Three Colombian citizens and two Venezuelans, including a Chavista high command, were accused by a Florida court of executing a corruption scheme that profited from importing food and medicine to Venezuela.
Among the defendants are Álvaro Pulido Vargas, a Colombian businessman, and José Gregorio Vielma Mora, a Chavista politician and military man who, among other charges, was governor of the State of Táchira, on the border with Colombia, between 2013 and 2017.
According to a communication from the United States Department of Justice, they are accused “for their alleged role in laundering the proceeds of a bribery scheme to obtain and retain inflated contracts through the Local Supply and Production Committee (CLAP ), a Venezuelan state entity, and a state-controlled food and medicine distribution program for the people of Venezuela ”.
The assistance programs of the government of Nicolás Maduro to face the shortage that soared between 2013 and 2017 have turned out to be, according to the US justice system, a nest of corruption that involved several Colombian citizens close to the Chavista leadership.
This week, perhaps the most prominent of these businessmen, Alex Saab, was extradited to the US after being arrested in Cape Verde as part of a broad investigation into corruption in Venezuela.
The Venezuelan government rejects the accusations, has launched an international campaign to “rescue” Saab and says that it is all part of a judicial and political persecution that tries to overthrow the Bolivarian revolution.

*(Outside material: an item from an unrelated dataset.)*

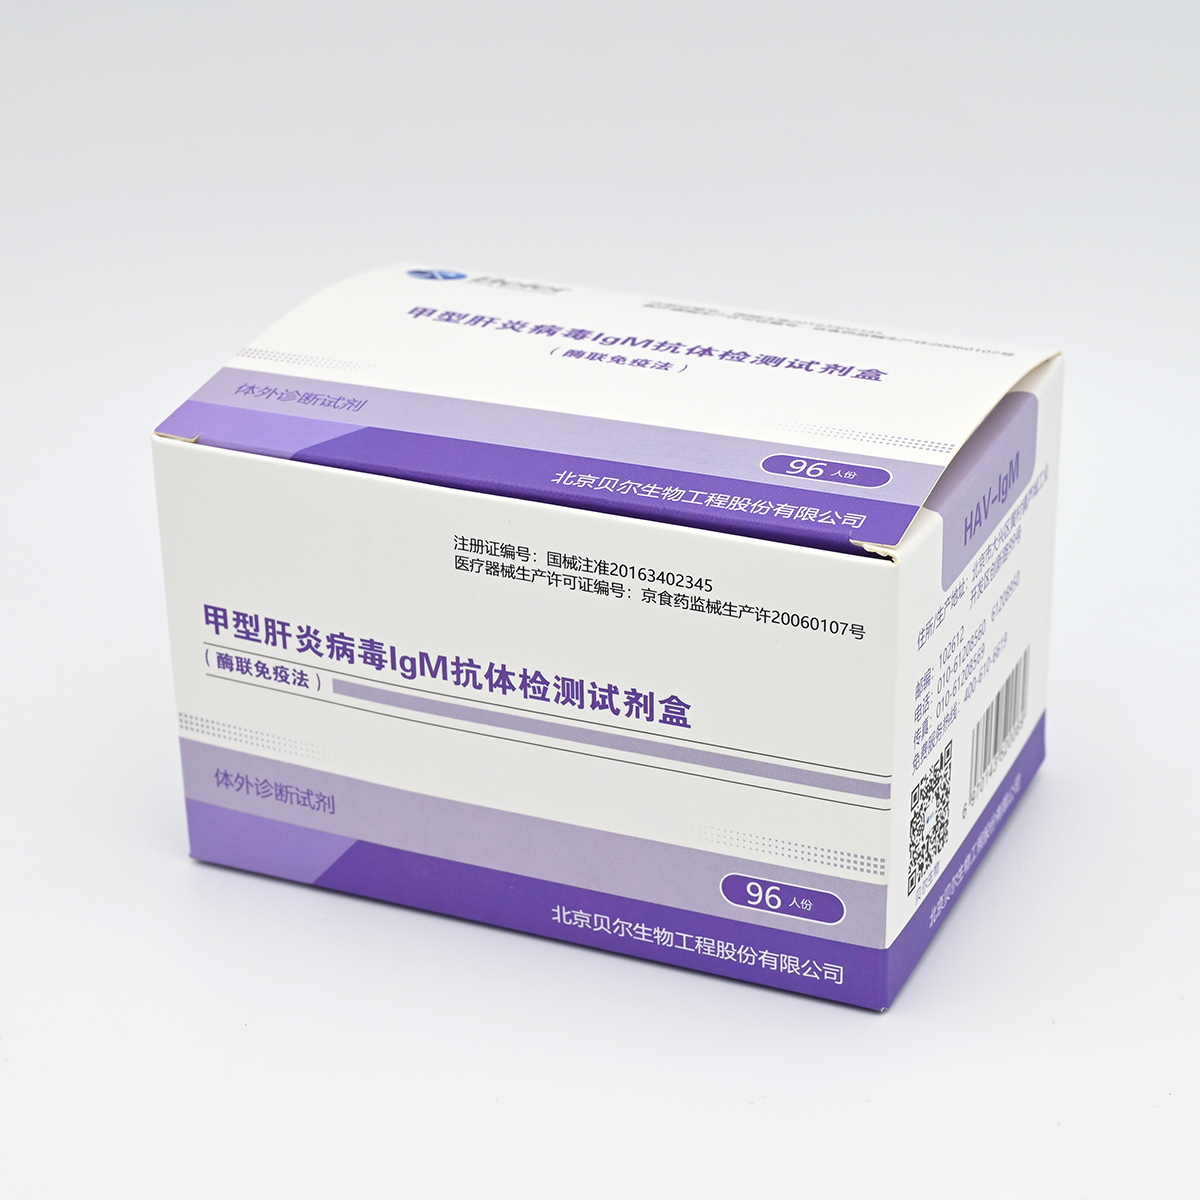 【贝尔】甲型肝炎病毒IgM抗体检测试剂盒(HAV-IgM)(酶联免疫法)

Scarcity, a vehicle for corruption
Although the US justice investigates the two corruption schemes as separate processes, Colombian media have reported the closeness of Colombian businessmen to Saab.
One of them, Carlos Rolando Lizcano Manrique, is considered the right hand of the businessman extradited six days ago.
And the corruption scheme attributed to them is practically the same as that of Saab: contracts to import food and medicine that were priced at a premium and granted through bribes to Chavista officials that were paid in international bank accounts.
As a result of the corruption scheme, the so-called “conspirators” allegedly received US $ 1.6 billion Venezuela and transferred approximately US $ 180 million in bribes.